Claiming to be from members of the Contract Review Committee of the Nigerian National Petroleum Corp., it stated that Elliott has been selected to receive money that arose from over-invoicing of supplies and oil drilling works contracts.

All he had to do, according to the letter, was allow the Nigerian firm to deposit $25.5 million from the Central Bank of Nigeria into his account and receive 35 percent of the sum as compensation.

"Obviously, I'm not stupid enough to give them my bank account number," Elliott said Thursday. "The first time I saw it, I knew something was wrong."

FBI Special Agent Barry O'Neill said the scam is a common one run by Nigerians over the last three or four years. He said FBI officials in the past two years have received about 50 such letters - in several variations - from people all over the state who had received them.

The plan is to lure a company or individual into providing an account number for the stated purpose of depositing the funds. In some versions of the letter, Nigerian citizens tell Americans they are seeking a safe haven for cash taken from corrupt government officials, O'Neill said.

The amounts and particulars vary, but the objective is the same: Get a bank account number and then withdraw the money from it.

O'Neill said he has not heard of anyone actually taking the bait.

"It's so obvious that you'd have to be so greedy it's ridiculous," O'Neill said.

The letter states that Elliott was picked after "satisfactory information" about him was gathered from an international business directory.

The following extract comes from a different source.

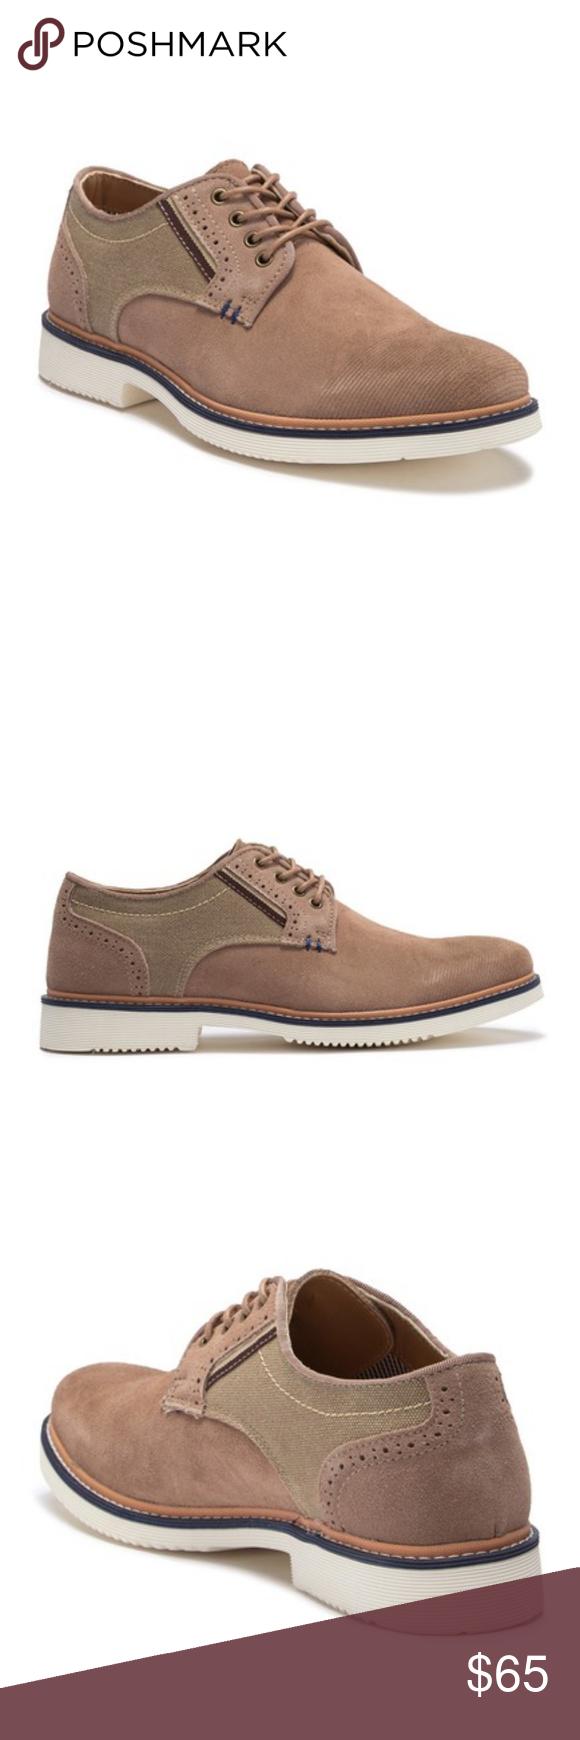 Men's Reserved Footwear Textured Derby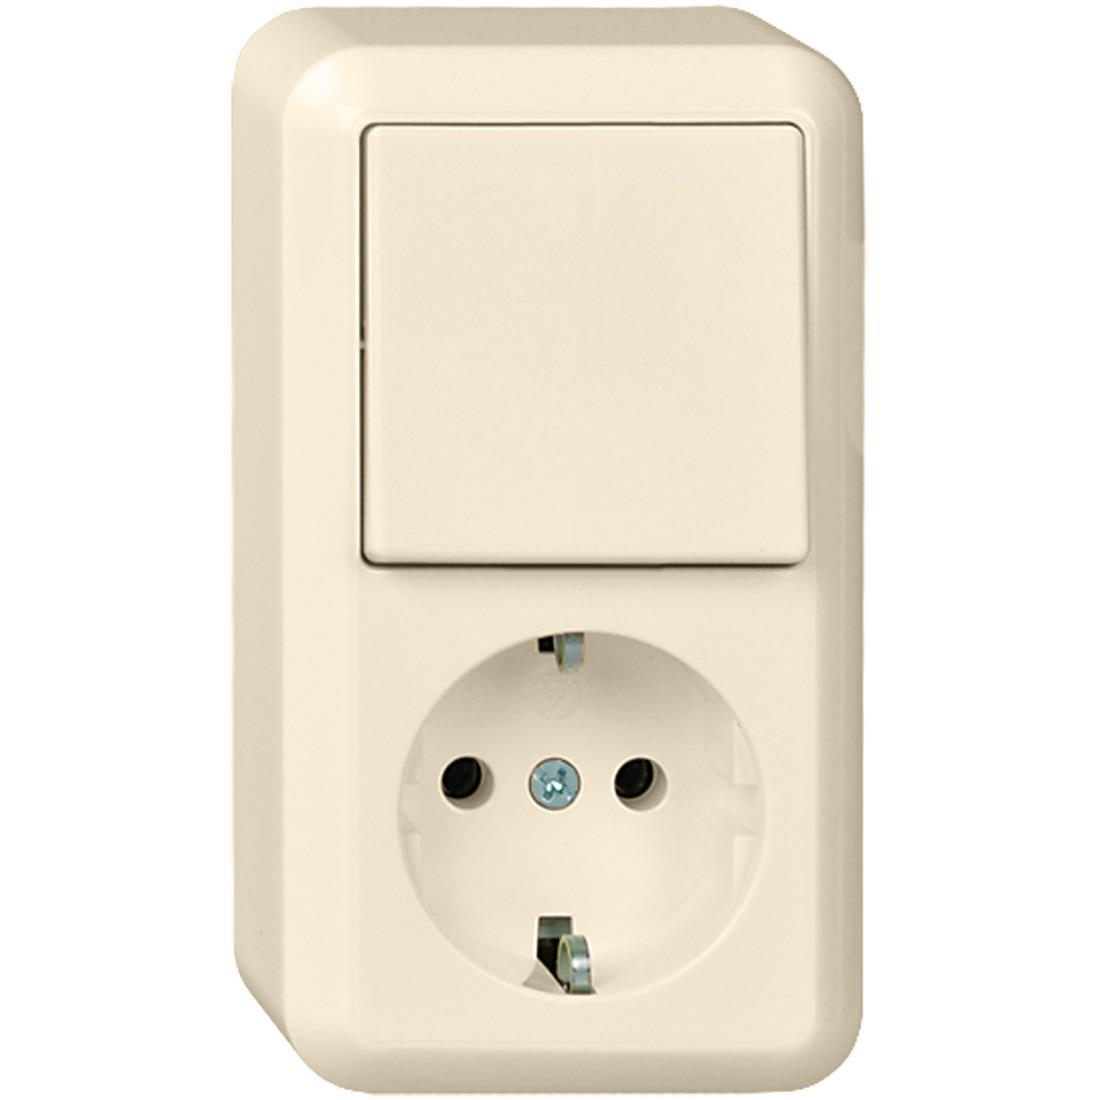 Schneider Electric Contura opbouw combinatie enkelvoudige wandcontactdoos met randaarde + wisselschakelaar - crème wit (388600)

The letter urges confidentiality and urges the recipient not to go through the international telephone operator or AT&T when calling to make arrangements.

While he was in the military, Elliott said he traveled to 51 countries. Nigeria was not one of them, so he was surprised when he got the letter.

O'Neill said authorities have not detected a pattern. He said companies ranging from "CPAs to small businesses to big businesses" have been targeted.

As for enforcement, O'Neill said the FBI keeps track of the letters but is otherwise powerless.

"We have no authority to go into Nigeria. We have no jurisdiction," he said.